Bulgarians have begun withdrawing euros for the first time after the former communist nation joined the euro currency union as its 21st member.
Cash machines in the capital, Sofia, dispensed brand new euro banknotes, which are replacing the lev. It will still be in use for cash payments in January.
However, people will receive only euros in change.
The country of nearly 6.7 million people was one of the poorest when it first became a member of the European Union in 2007.
Joining the European single-currency system means deeper EU integration after its 1989 transition from a Soviet-style economy to democracy and free markets.
However, the historic milestone arrives amid political instability, with the conservative-led government forced to resign earlier this month following nationwide anti-corruption protests, and skepticism among ordinary people, fueled by fears of price rises.

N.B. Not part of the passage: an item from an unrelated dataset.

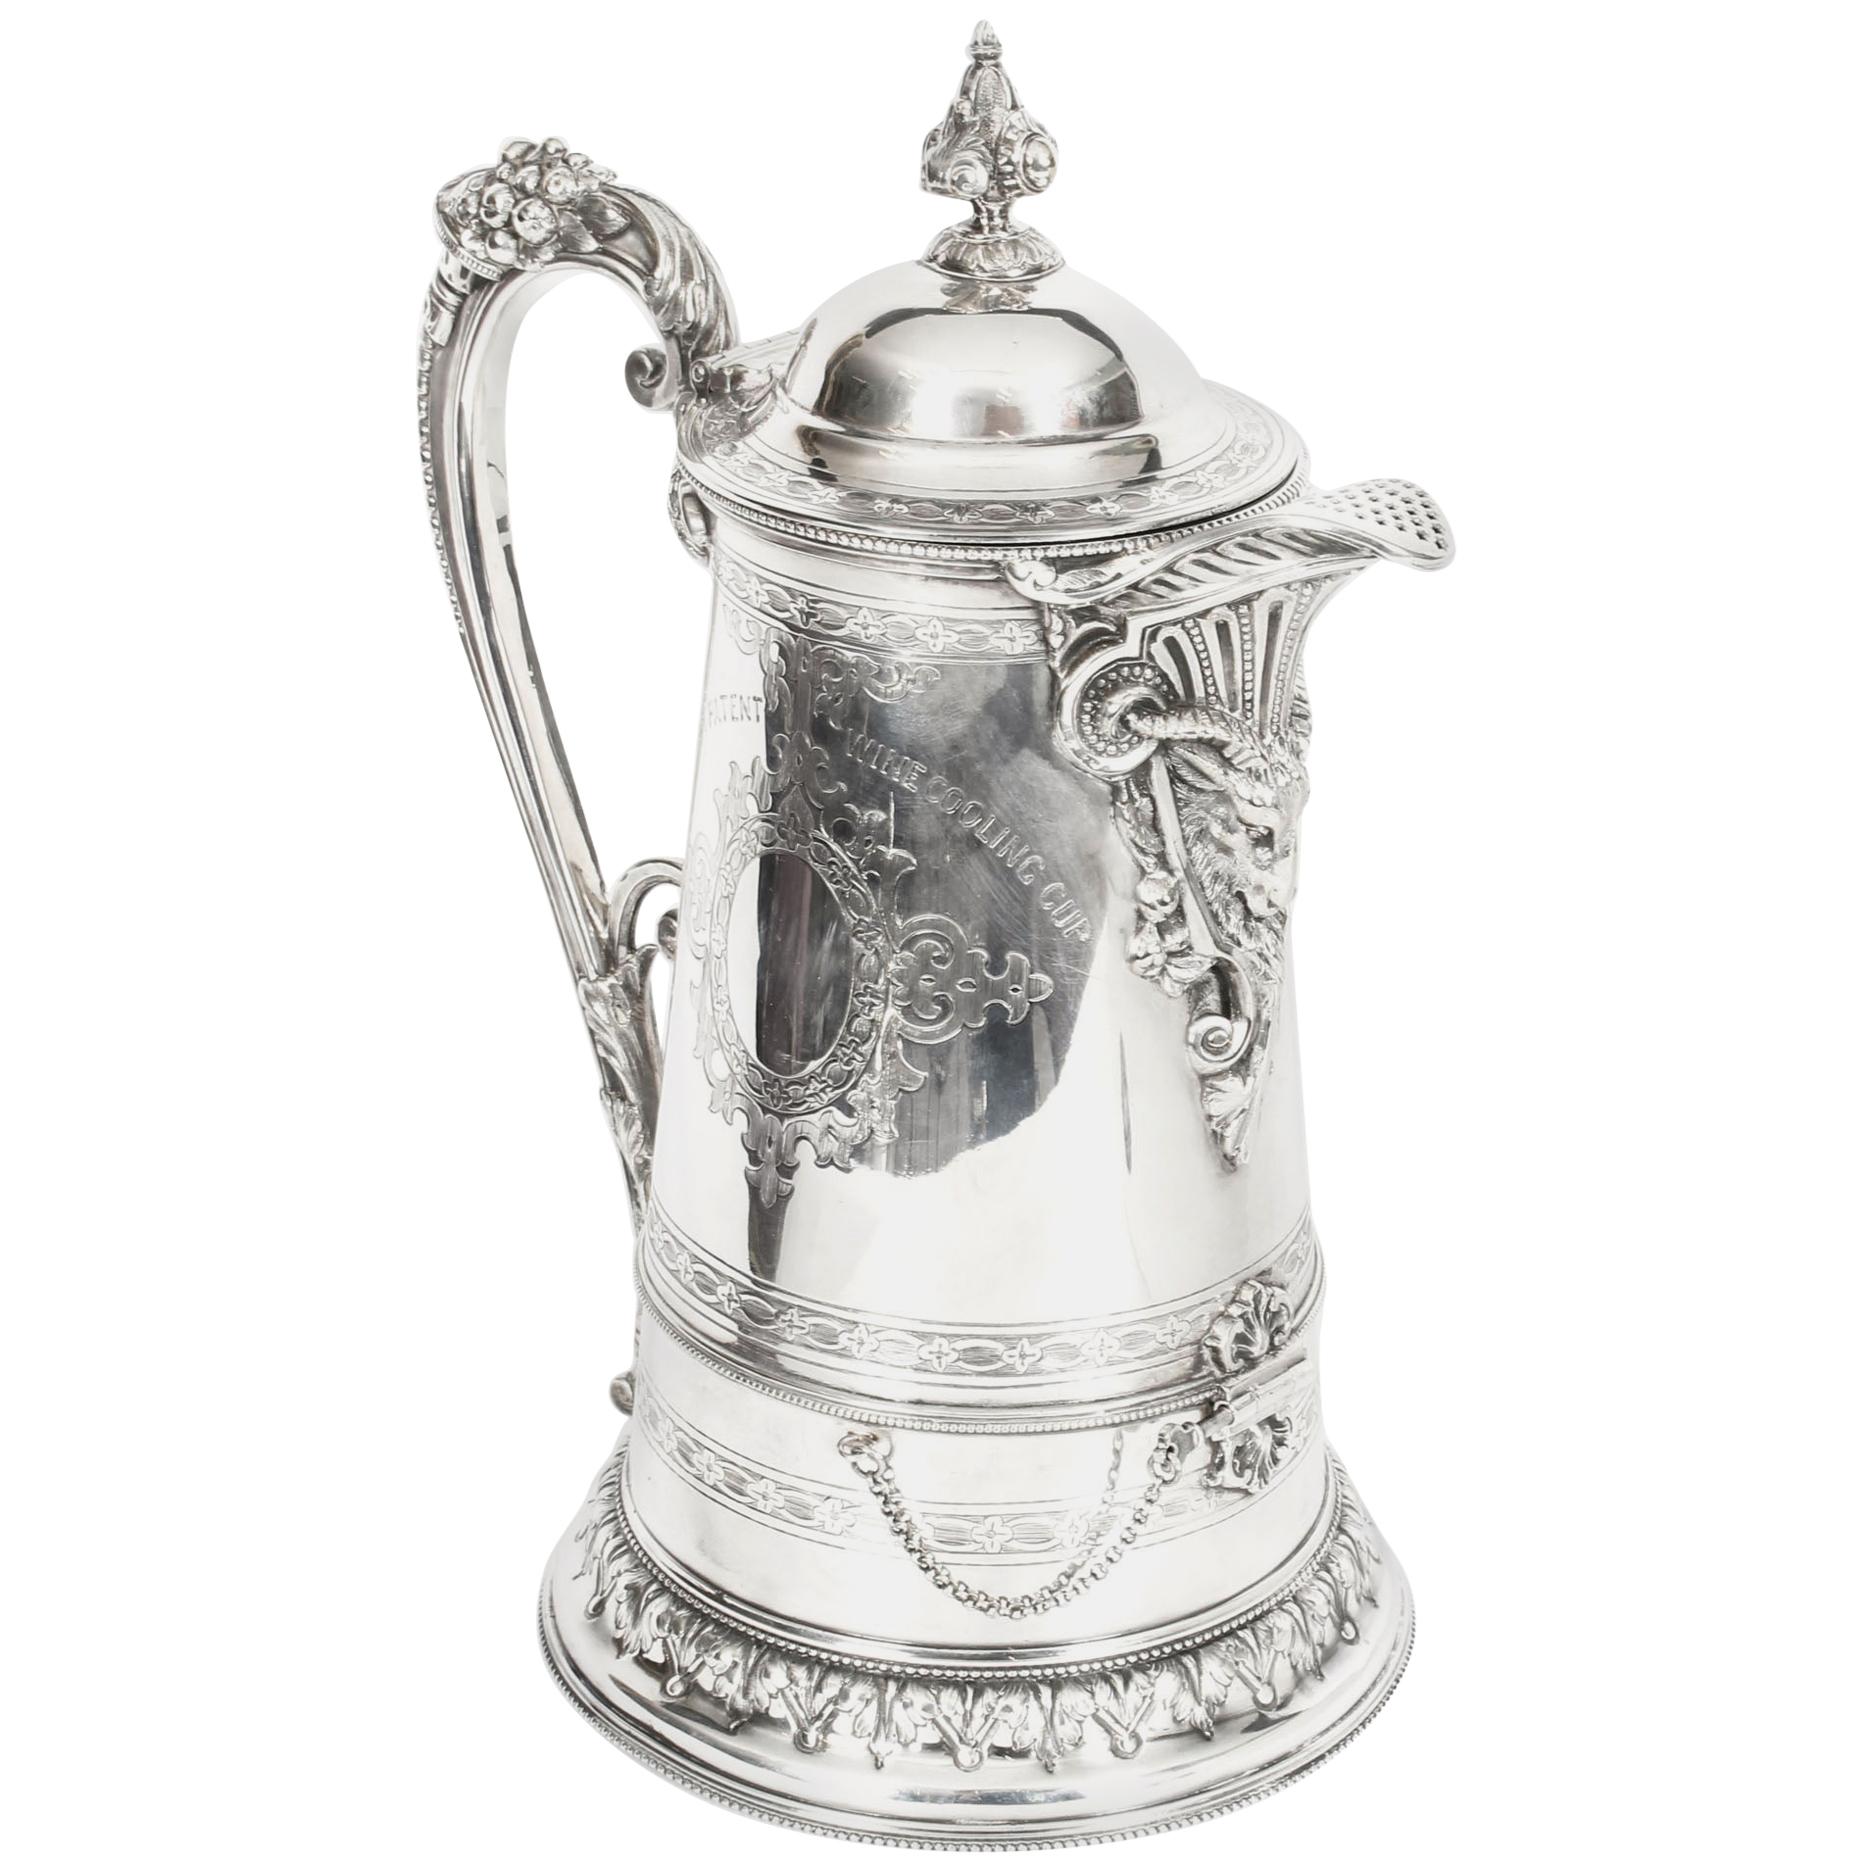 Antique Silver Plate Tudor Patent Wine Cooling Flagon, 19th Century

The government had to beat down inflation to 2.7% earlier this year to comply with EU rules and win approval from EU leaders. But its resignation left the country without a regular budget for next year, hampering reforms and the use of the 27-member bloc’s support funds, fueling protests.
Nationalist and pro-Russian groups in Bulgaria have also exploited fears that the switch to the euro will allegedly lead to more poverty and loss of national identity.
Countries that join the EU commit to the euro, but actually joining can take years and some members are in no hurry. Croatia was the last to join in 2023.